The concern is, rather than embrace a modern twist on the concept, which might involve the best of Spanish, Italian and French players, the stellar cast of 13 administrators, business executives, former players and coaches will try and repeat old traditions, which let’s not kid ourselves, sprang from an impulse of the ‘lads’ to re-conquer the largely whites only rump of the rugby playing empire.

In 1891, there is a record of an attempt at a women's touring team in New Zealand. This was stopped due to a lack of social acceptance and the team was forced to disband. It was in 1917 that the first official charity match at Cardiff Arms Park featuring female teams, Cardiff Ladies and Newport Ladies, was documented.

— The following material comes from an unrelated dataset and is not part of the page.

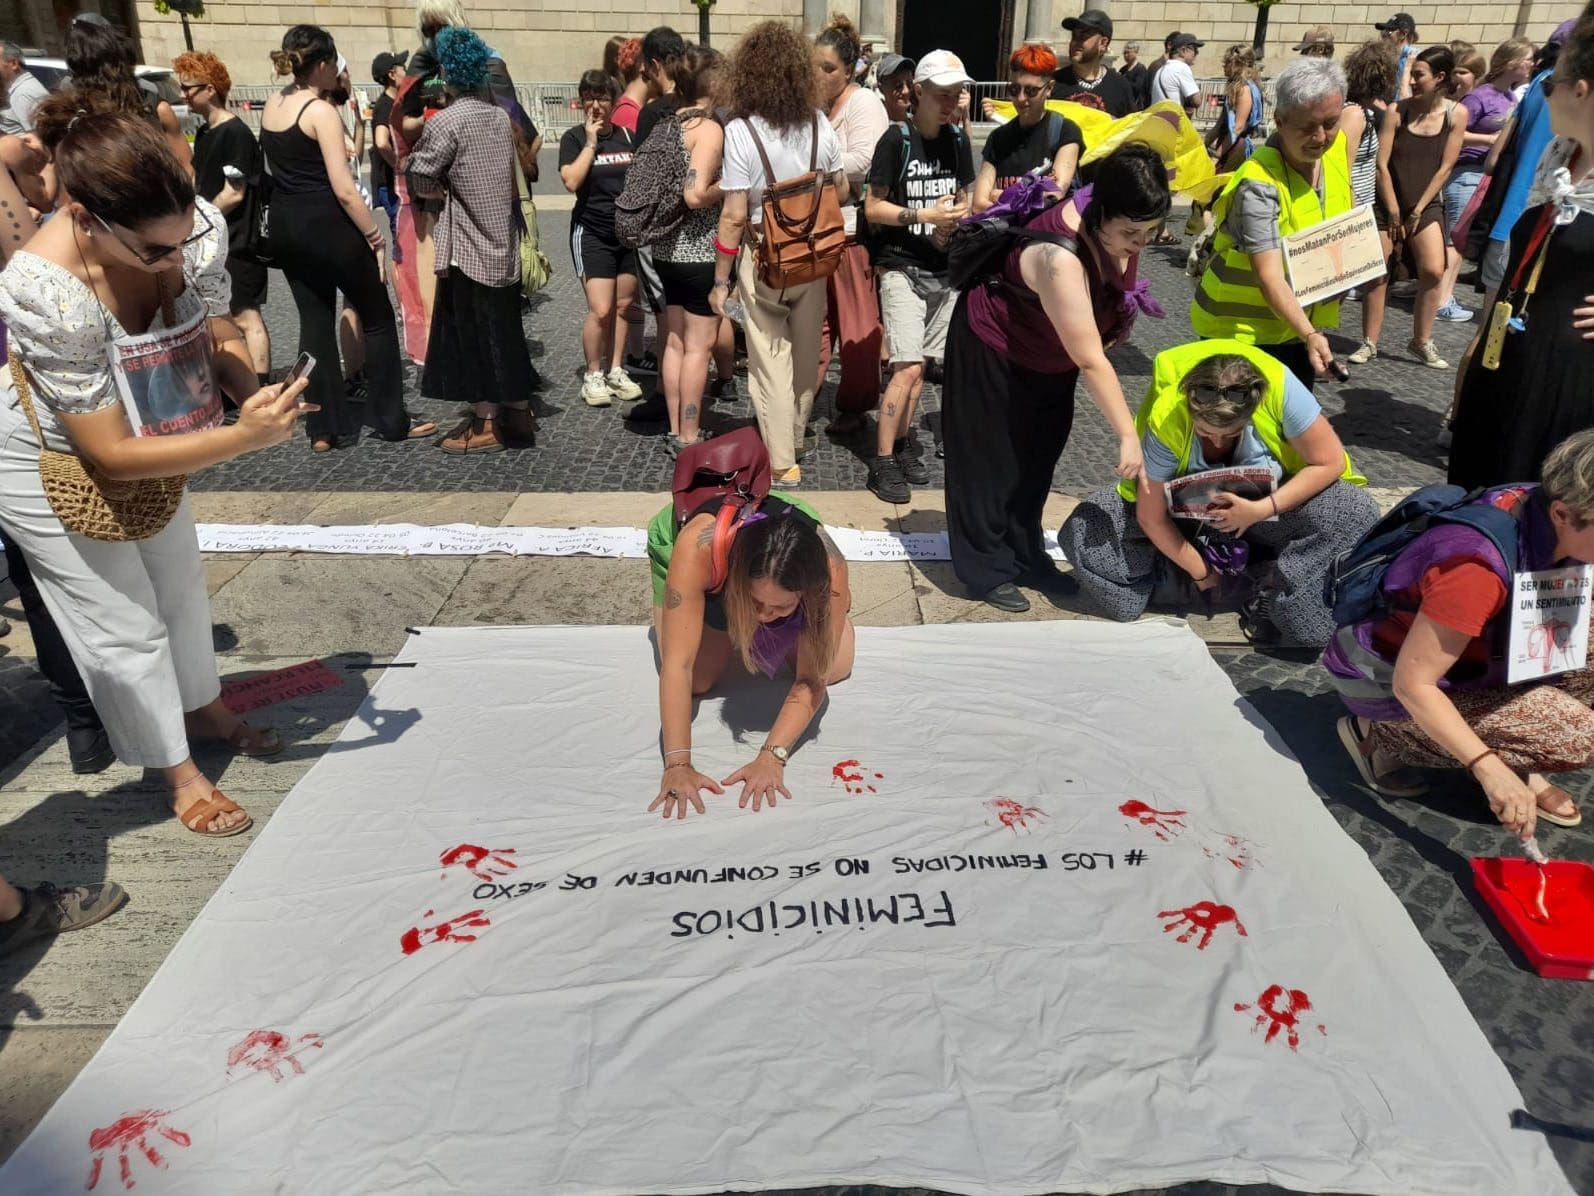 Women gathered on the streets leaving handprints on the banner "No Feminicidios" (Say no to murdering women )

The point is that given the journey of rugby women, maybe inclusion not exclusion should be a guiding principle in any iteration of a tour since eyes have opened. Without getting bogged down in identity, most of the Irish team is comprised of European women with modern European ideals and sensibilities.

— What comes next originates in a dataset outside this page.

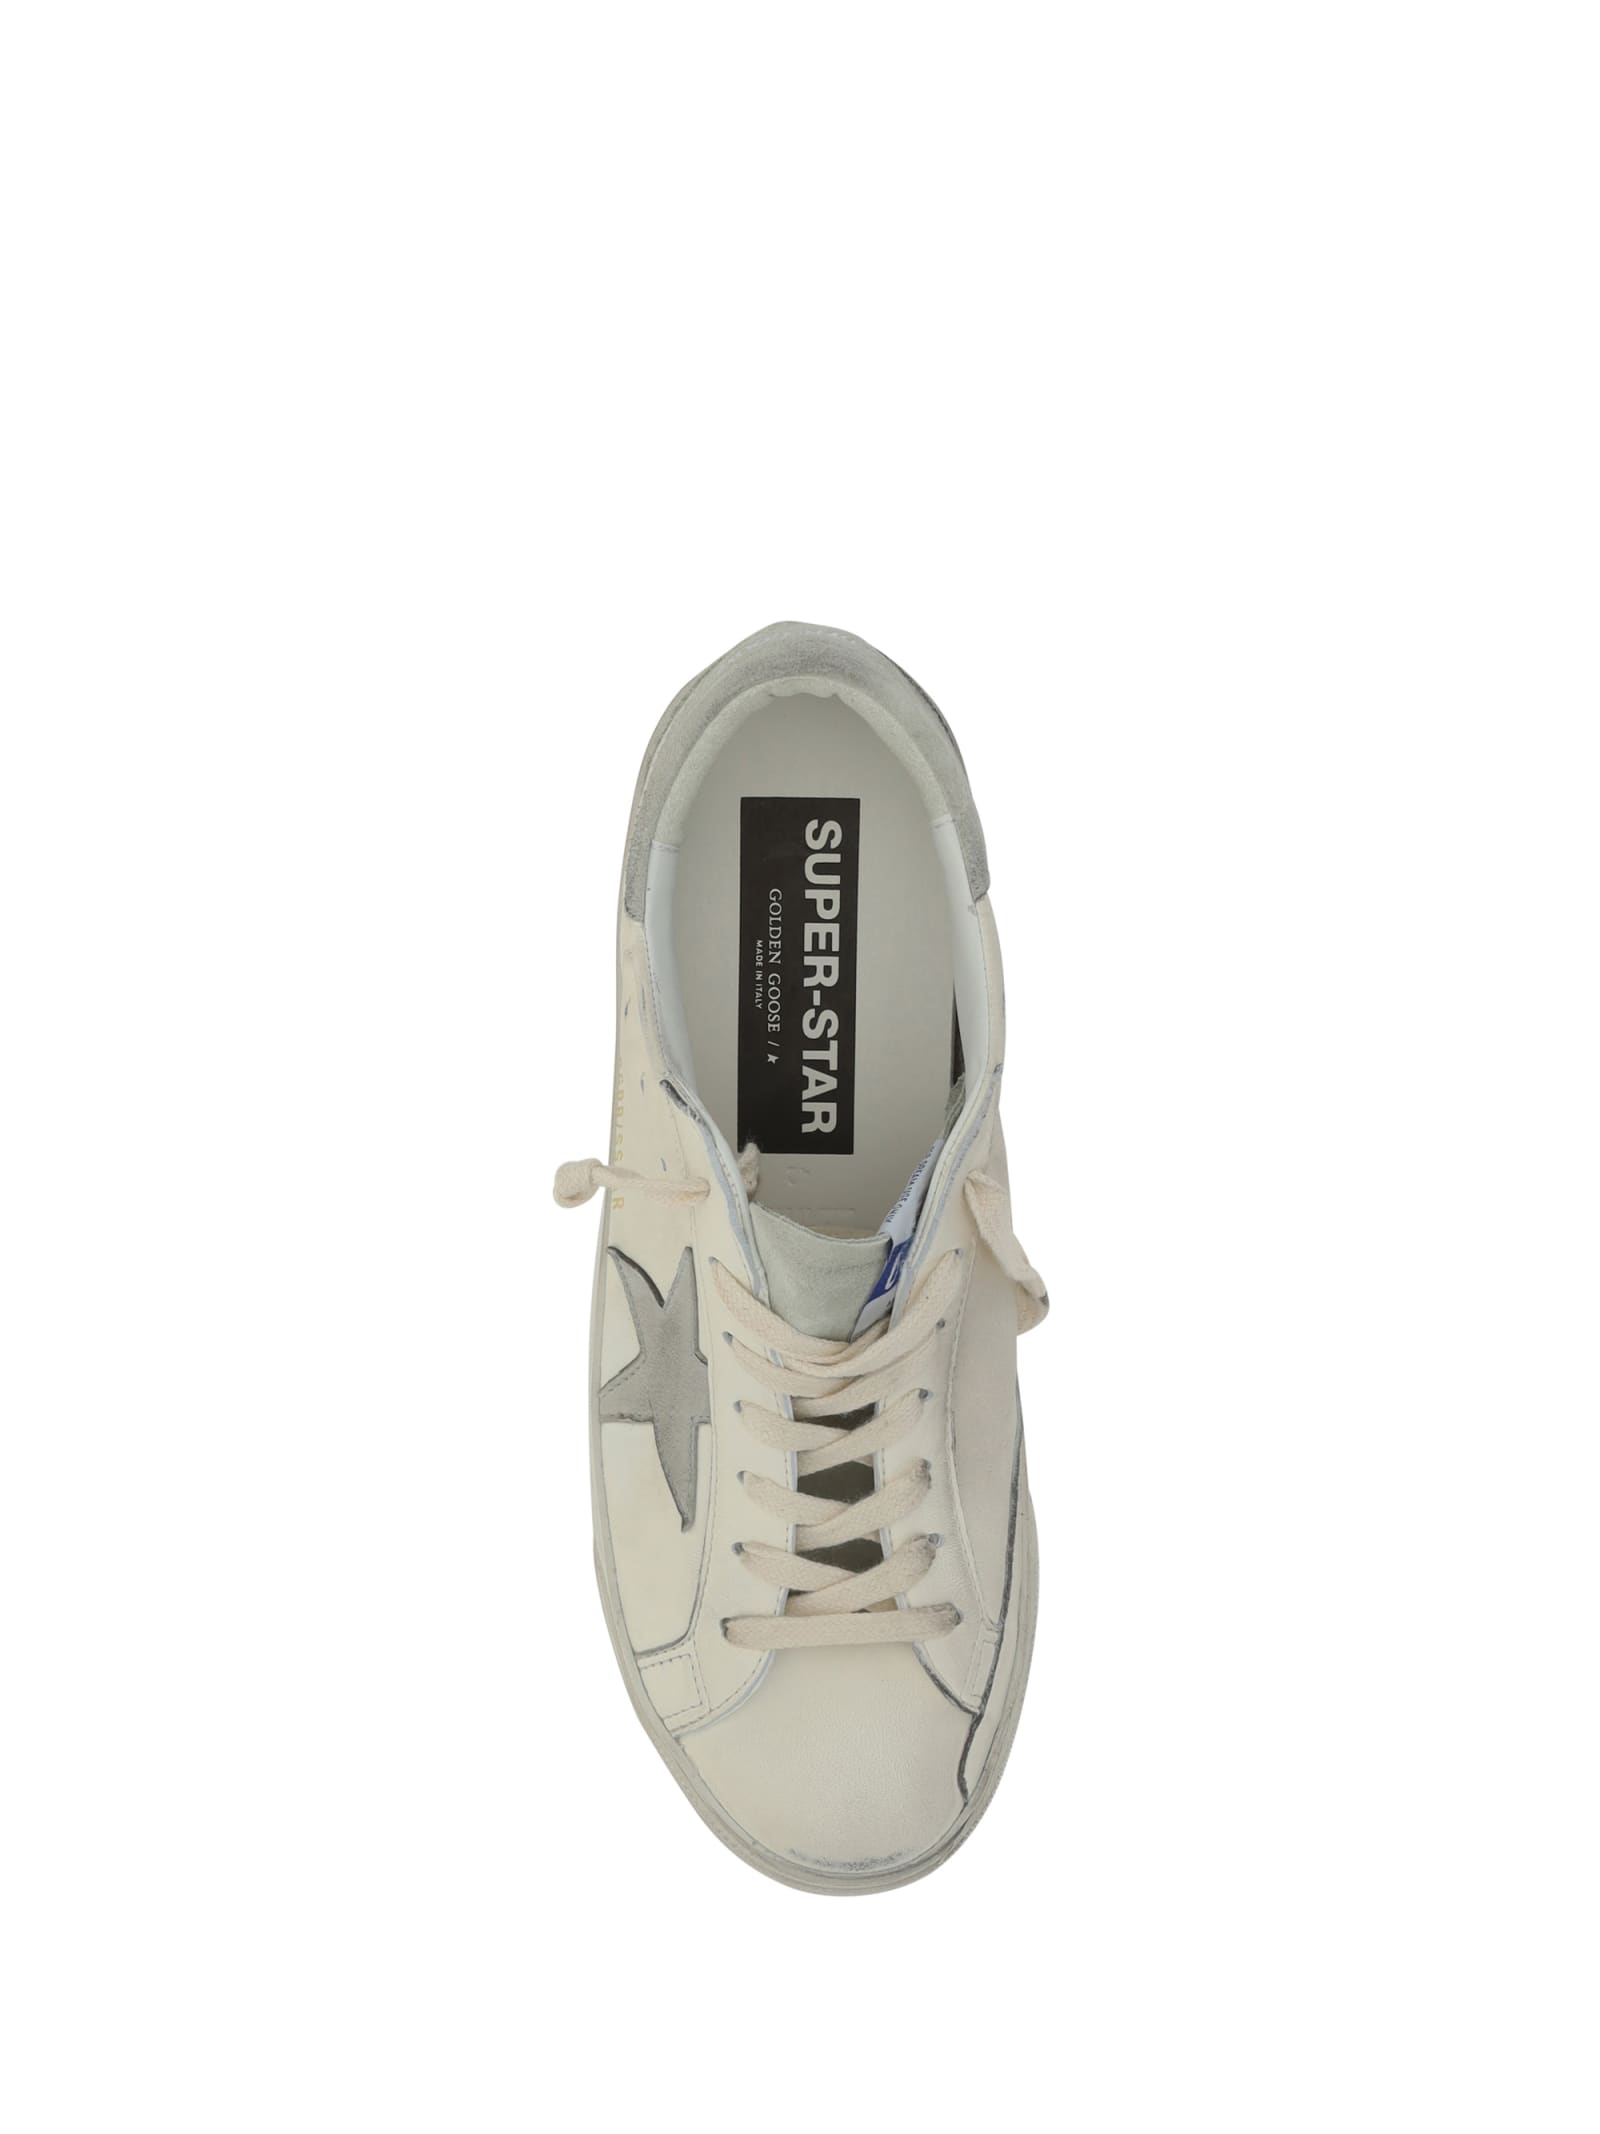 Shop Golden Goose Super Star Sneakers In White/ice/grey

Should they not include their European sisters and lean towards making it a continental side and more of a Ryder Cup team, which was originally Britain and Ireland, or, a Solheim Cup side? They can still call themselves the Lions.

Apart from slavishly mirroring the men, why form a non-European alliance every four years, which excludes the best women players from Spain, France or Italy, to go on a tour that sprung from British 19th century thinking in which women held little or no importance?

We will wait with interest on word from former Welsh great and male chairman (‘o fy nuw’ as they say in Wales) Ieuan Evans and his crusaders. If the slipper fits, let’s ball every four years.

But the issue is what shape it should take, whether it should have any resemblance to the men’s version except in name. If it does look like a male Lion and walk like a male Lion, it may not receive a hallelujah acceptance.

Okay, okay. Okay. Less negativity. Alternatively, re-imagine the Lions. Be bold, modern, embracing. Let’s avoid a Victorian look in the 21st century.